Hi, the log information "FileNotFoundError: [Errno 2] No such file or directory: 'FastTree': 'FastTree'" indicates that you haven't installed the software fasttree
. Besides fasttree
, mafft
is also required for wgd ksd
. The log information "FileNotFoundError: [Errno 2] No such file or directory: 'mcxload'" indicates that you haven't installed the software mcl
. I have just added note for the dependency of each program in the README. The bioconda
should work if you set a separate virtual environment for wgd v2
because your pre-installed python packages might complain about the incompatibility for the requirement of wgd v2
as you mentioned.
Hello .. all my attempts were in conda environment specific for this program. For now, I want to understand whether the following "warning" indicates an installation issues:
2024-04-26 11:49:28 WARNING Stripped alignment length == 0 for GF00000034 codeml.py:274 INFO Analysing family GF00000037
Hi, the log is not an indication of any installation issue but a normal log informing that the stripped alignment (i.e., after dropping all gap-containing sites) length is zero such that no codeml
analysis will be conducted upon this gene family, which is often seen in big gene families where the extent to which family members diverge with each other is large.
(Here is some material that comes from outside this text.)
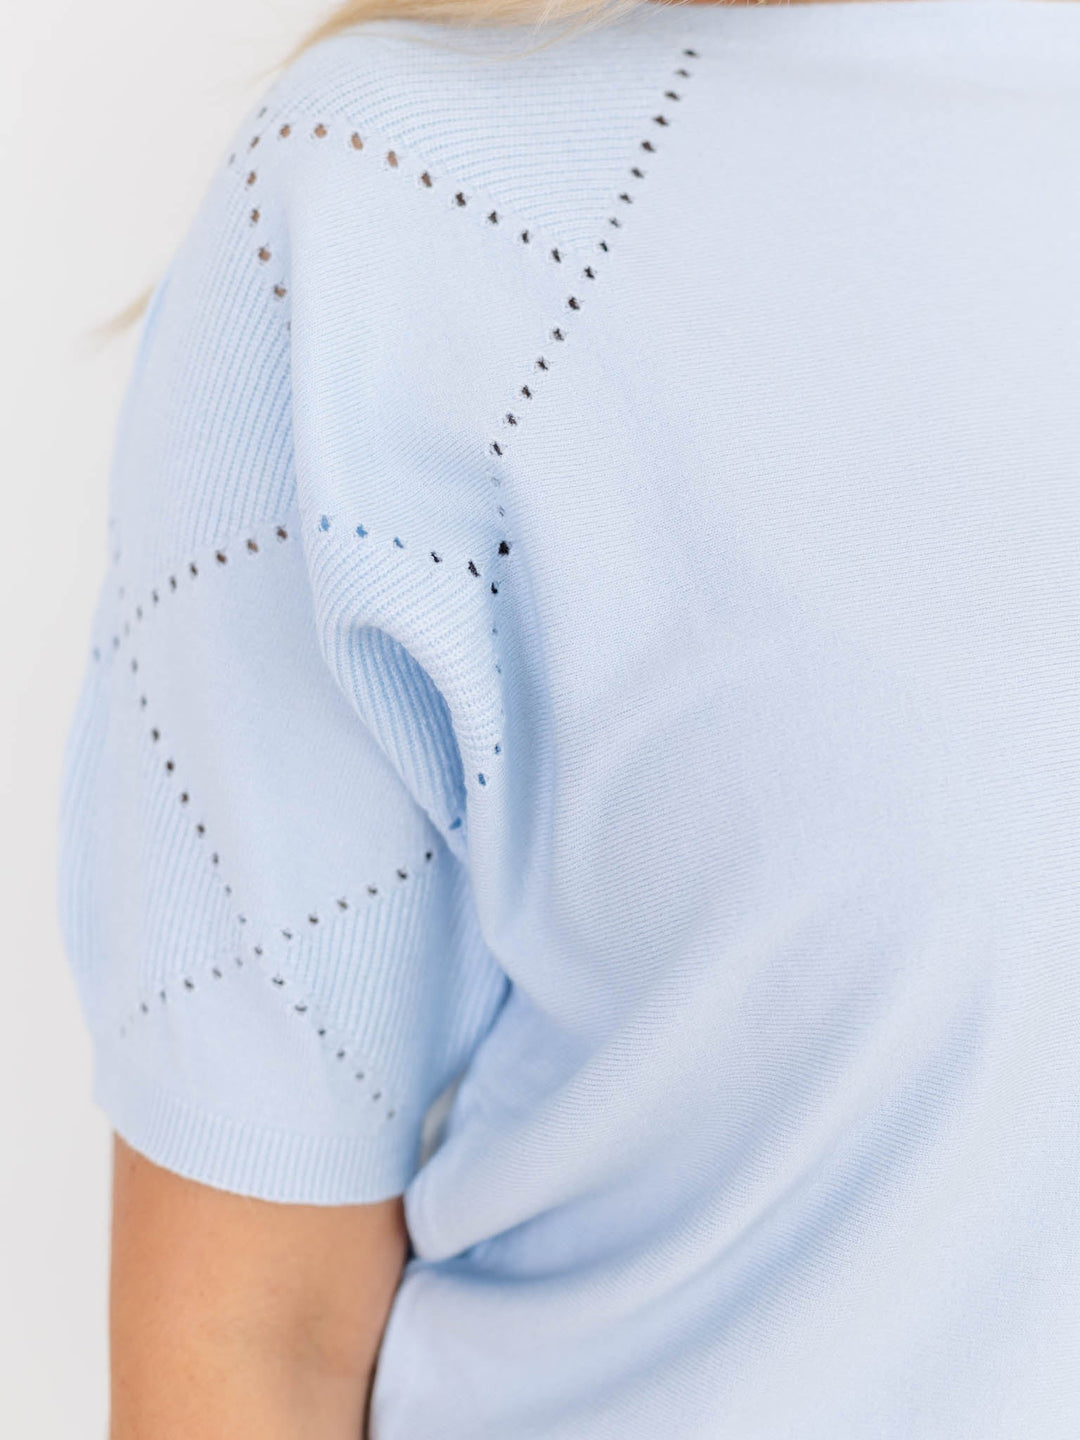 Allie Rose Short Sleeve Fine Gauge TopKnit tops
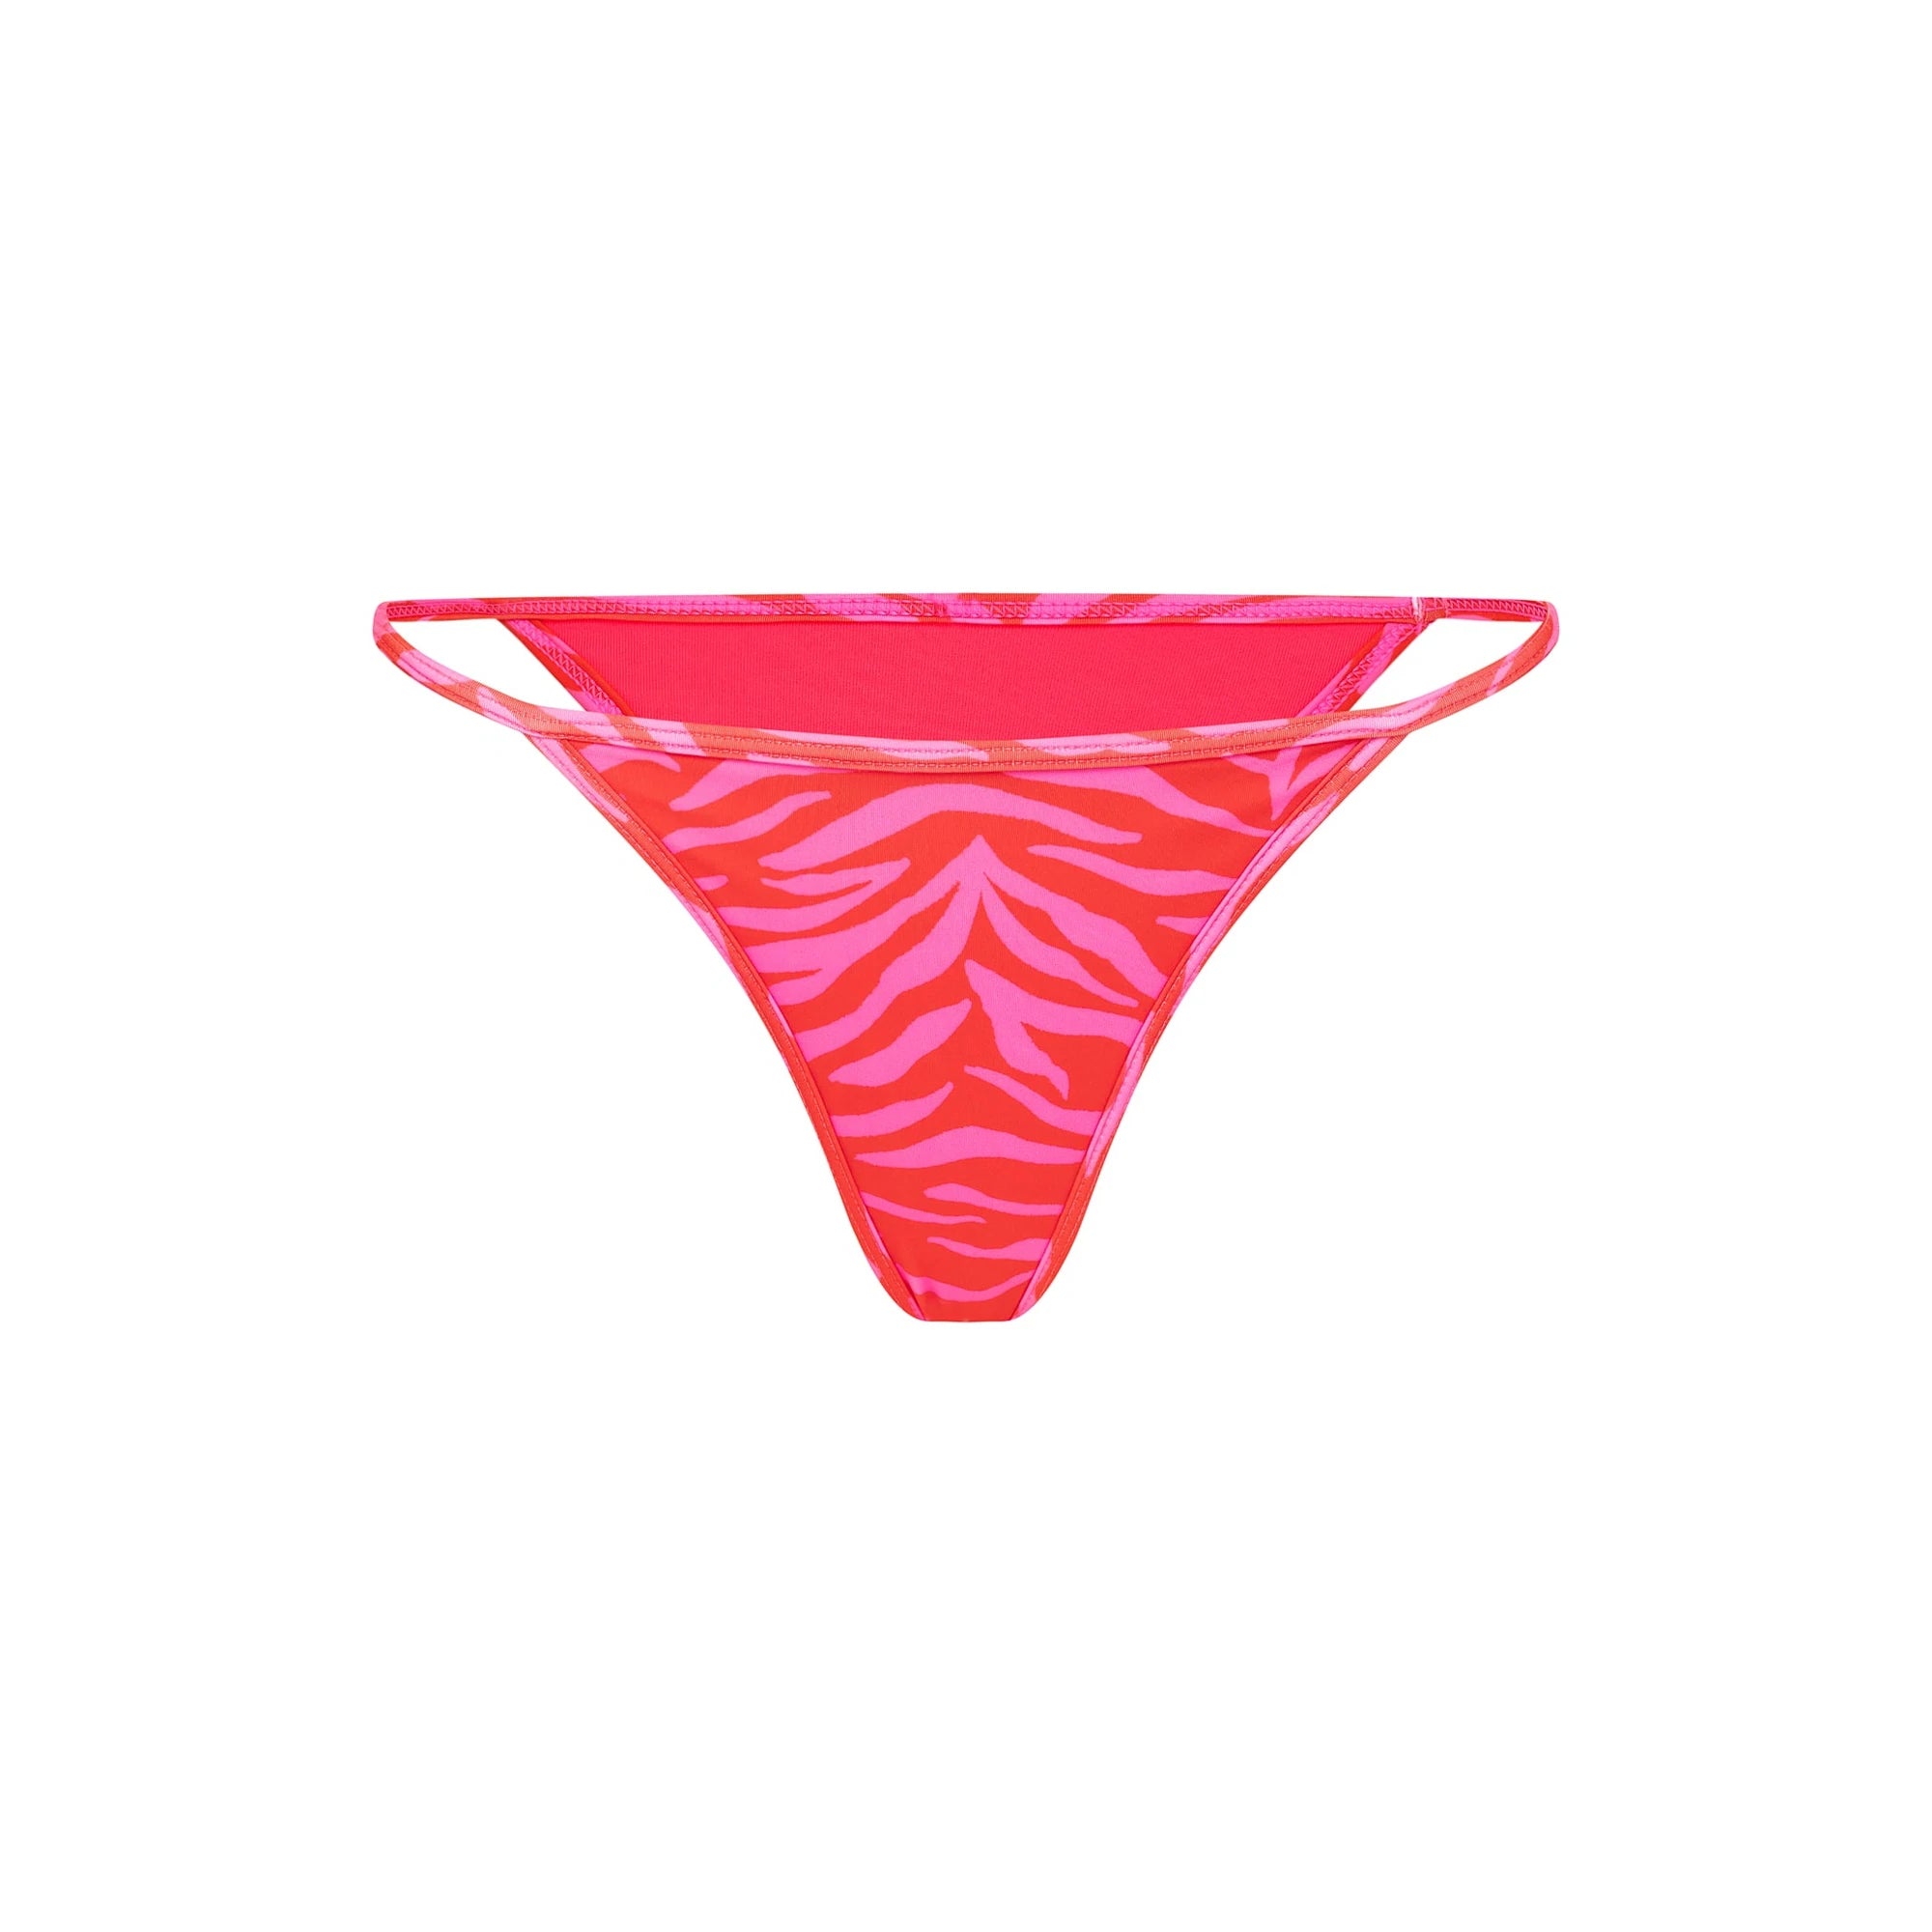 A Latin Cut bikini bottom in red and pink tiger print

Thank you! I think it might be working at last. the wgd ksd
has been running for a couple of hours now (forgot to increase the # processors) with only some of those warnings. In the previous attempts, it used to throw errors within a few minutes.
Assuming it will finish successfully this time, do you think the default command wgd ksd Families
is sufficient for whole panarome analysis?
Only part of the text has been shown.